What's new#
Document ingestion now handles three additional file formats: XML documents, legacy DOC files (Microsoft Word 97-2003), and native Markdown files. These join our existing support for PDF, DOCX, images, and other formats in a unified parsing pipeline.
Why it matters#
- XML files are everywhere in enterprise workflows (config files, data exports, structured documents)

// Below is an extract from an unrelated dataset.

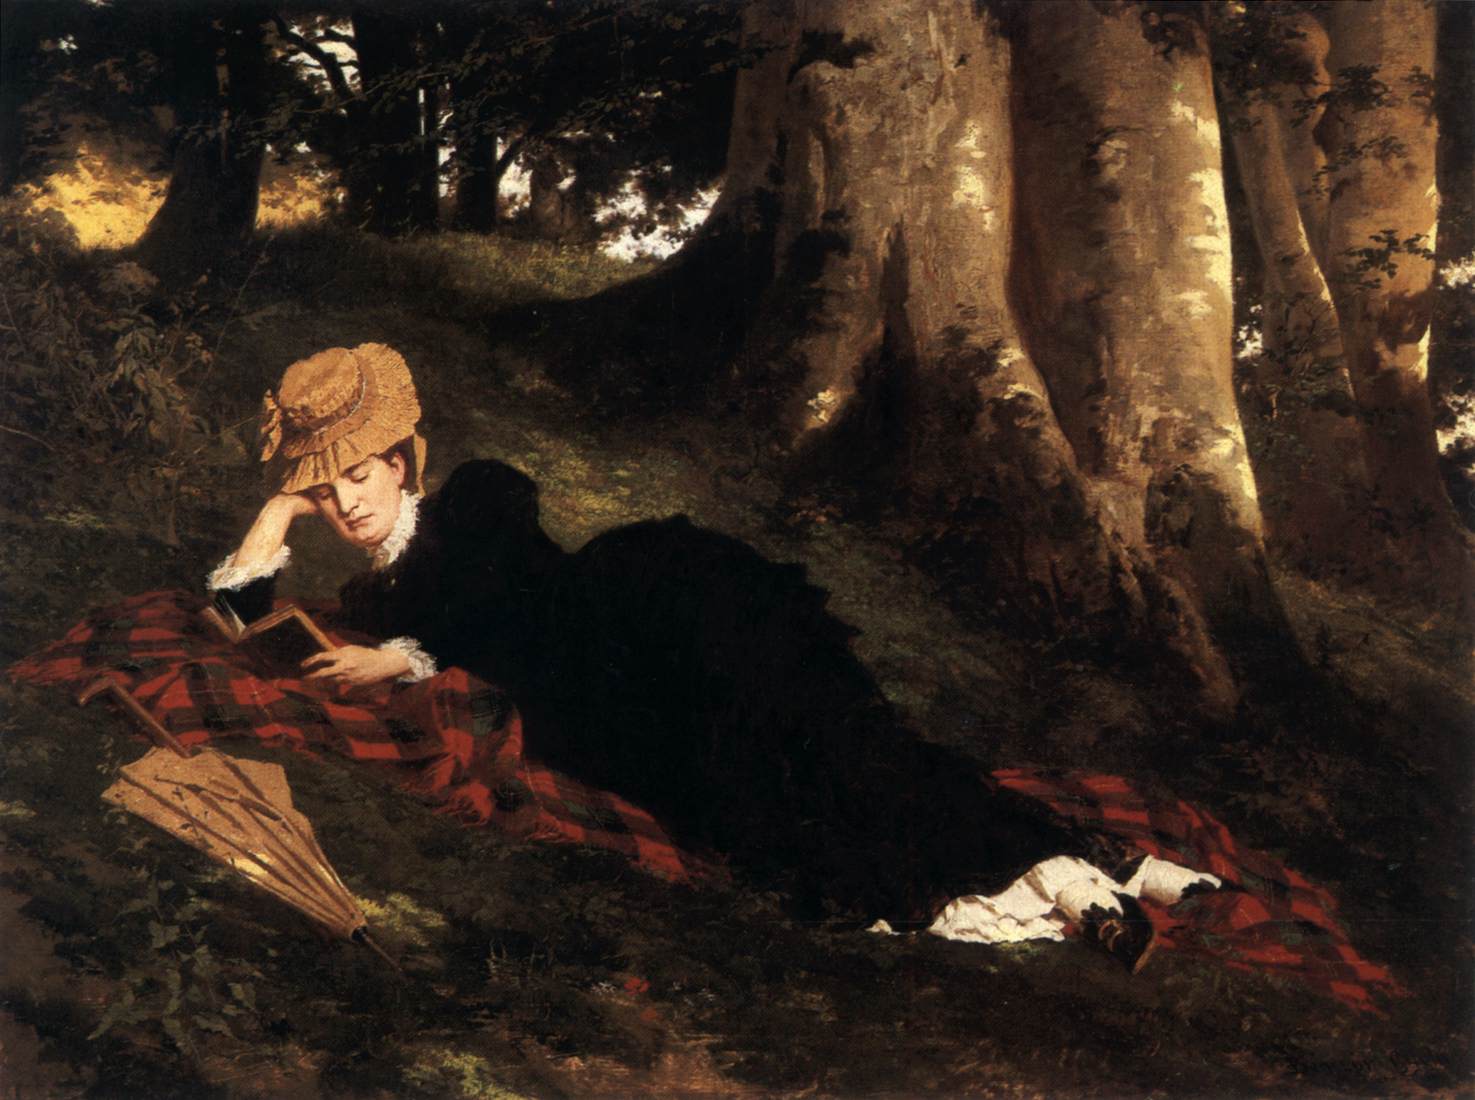 Læser kvinden i skoven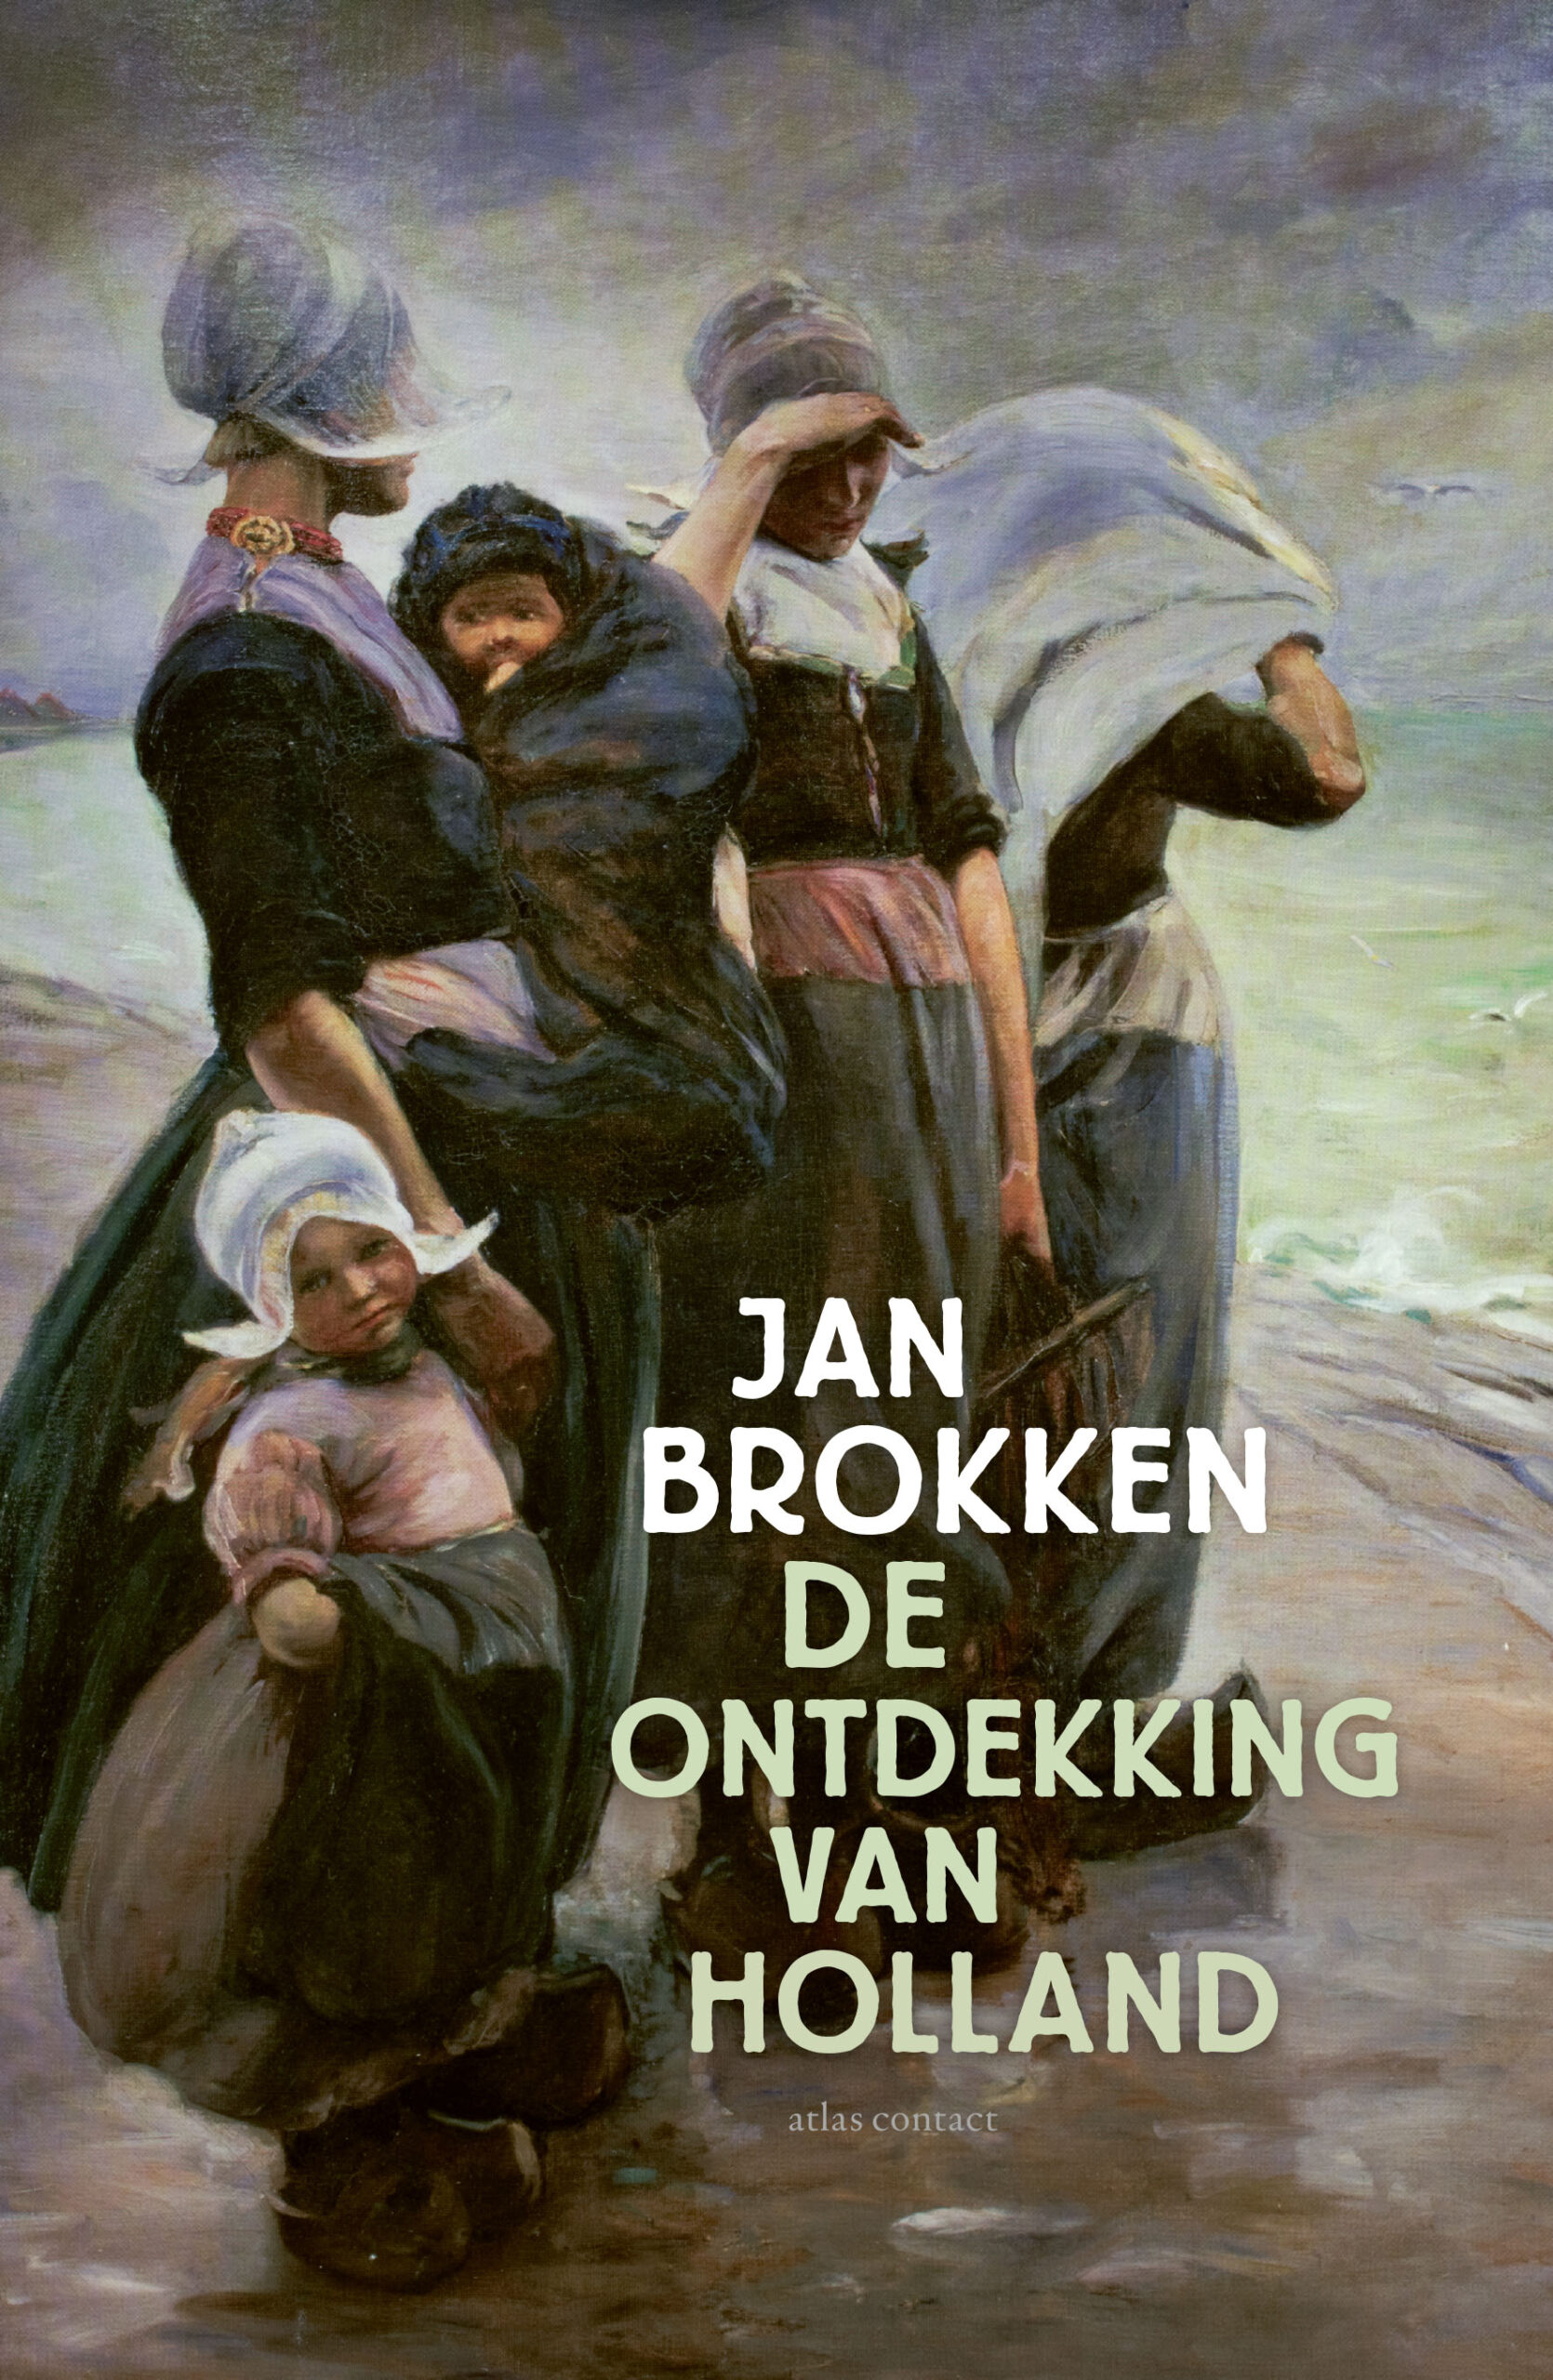 Jan Brokken in de podcast van Historisch Nieuwsblad

- Legacy DOC files still appear in legacy systems and older document repositories
- Markdown files are standard for documentation, README files, and technical specs
- Unified processing means fewer custom preprocessing steps in your pipeline
Highlights#
- Native parsing preserves document structure and metadata
- Same extraction and classification capabilities as other formats
- Automatic format detection - no manual format specification required
- Full compatibility with structured extraction and summarization features
How to use#
Works automatically when you upload any of these file types. No configuration changes needed.
1doc_ai = DocumentAI()
2
3# All of these now work seamlessly
4xml_file_id = doc_ai.upload(path="/path/to/config.xml")
5xml_result = doc_ai.parse_and_wait(xml_file_id)
6
7doc_file_id = doc_ai.upload(path="/path/to/legacy_report.doc")
8doc_result = doc_ai.parse_and_wait(doc_file_id)
9
10md_file_id = doc_ai.upload(path="/path/to/README.md")
11md_result = doc_ai.parse_and_wait(md_file_id)
Status#
✅ Live now. All existing parsing features work across the new formats.